Start by adding extra layer of gamification, by awarding points for doing something. This doesn't always have to be something related to English learning, like answering a question or completing a dialogue either. Of course, those are great, but if you really want to sell the students on caring about their points, it's also a good idea to award points for tossing a ball into a hoop, passing a ball between team mates without it being intercepted, or otherwise scoring a goal. The idea is that students can gain points for doing something, but for every time they speak Japanese, a point is deducted. The result is that Japanese use immediately drops off, it might be that ALL SPEAKING will drop off as well, but from there you can build an expectation of 'No Japanese'. Now it's up to you to find a way to insinuate English use into the activity. If they're a well mannered class, then no ball or faux-sport is necessary, and you can award points to the team of whoever has the right answer or completes a conversation point. Even a rowdier class can understand the 'English Only Rules' and after learning to value the points, can be given more 'educational' activities after you've tapped into their competitive side. Teams will help put on a healthy pressure, and encourages players to police each other and at least not speak Japanese.

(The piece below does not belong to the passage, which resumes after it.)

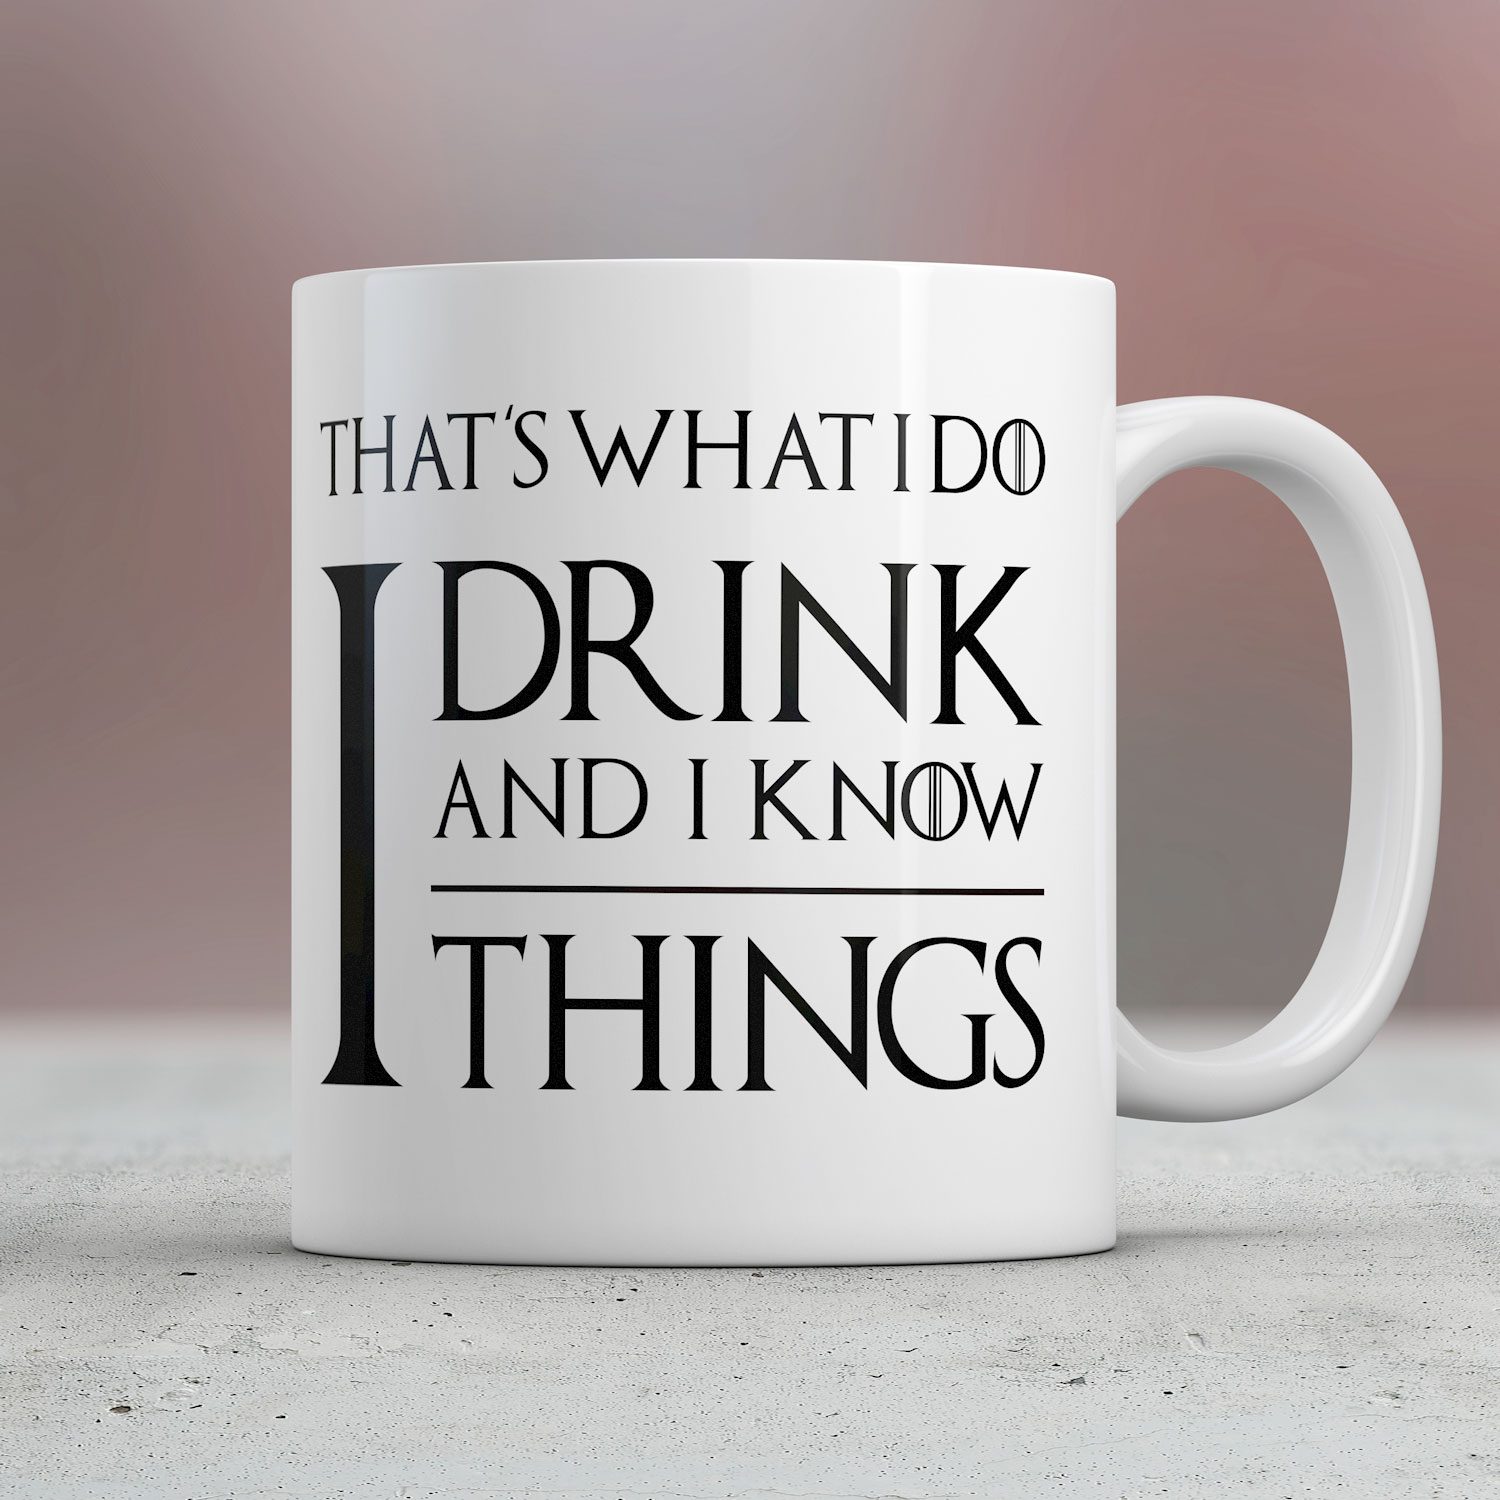 Afbeelding Mok I drink and I know things door Cadeau.nl

Giving points for doing something is great, but the rules must be simple and clear. If you're giving out points willy-nilly, students lose motivation and won't value their worth. They must be clear on how to gain points clearly.

Also, be sure to start the game where everyone has five points or so from the beginning, so they have something to lose right from the start. You don't want to put them into the negatives while they're still adjusting to not speaking Japanese.

Lastly, having a clear start and finish for this English-only 'time' will help students from burning out and to clarify your expectation. Have students huddle-up, or shout out in unison "Let's start speaking English", something to let them know that the game has begun, or likewise ended.

A few final points of polish, the best way to keep track of points is not with numbers on the black board, but with something tangible like marbles, folded paper, or coins. So that every time a student answers the question, completes an activity, or exchanges with another student, they can swap coins and add it to their own team's bucket. This physical connection can add a lot of value, weight, and sense of reward to the game overall. Likewise if someone speaks Japanese, having them remove that point from their teams collection themselves can be the right kind of traumatic experience (for players mature enough to handle it). This is another reason why it might be good not to keep the score as marks on the board. Students might lose motivation if they are clearly losing, and that ambiguity can be useful and allow you to fudge the numbers slightly and give a better sense of competition.

"Taking points away for speaking Japanese."

This gamifying, or rewarding of standard classroom practice, or for not speaking Japanese, should help motivate students. But in case they are really unmotivated, or competition is too stressful for them, than having teams work together to earn enough points to choose a game they want to play, or some other kind of prize should help motivate them. But rather than a bottom-up approach, I've always preferred a top-down, or threatening approach. Where if the class or a team doesn't get enough points, than they will be punished in some hilarious way. Either by doing an embarrassing dance, push-ups in front of the class, or cleaning-up after the game. Something lighthearted but playfully humiliating is best, but of course, it takes a special situation of overall warmth and acceptance to allow for this kind of good natured ribbing.

Taking points for speaking Japanese can be adapted to fit any lesson, game, or activity with a little creativity and routine, and it is guaranteed to encourage students to at least keep quiet, but at best speak more English.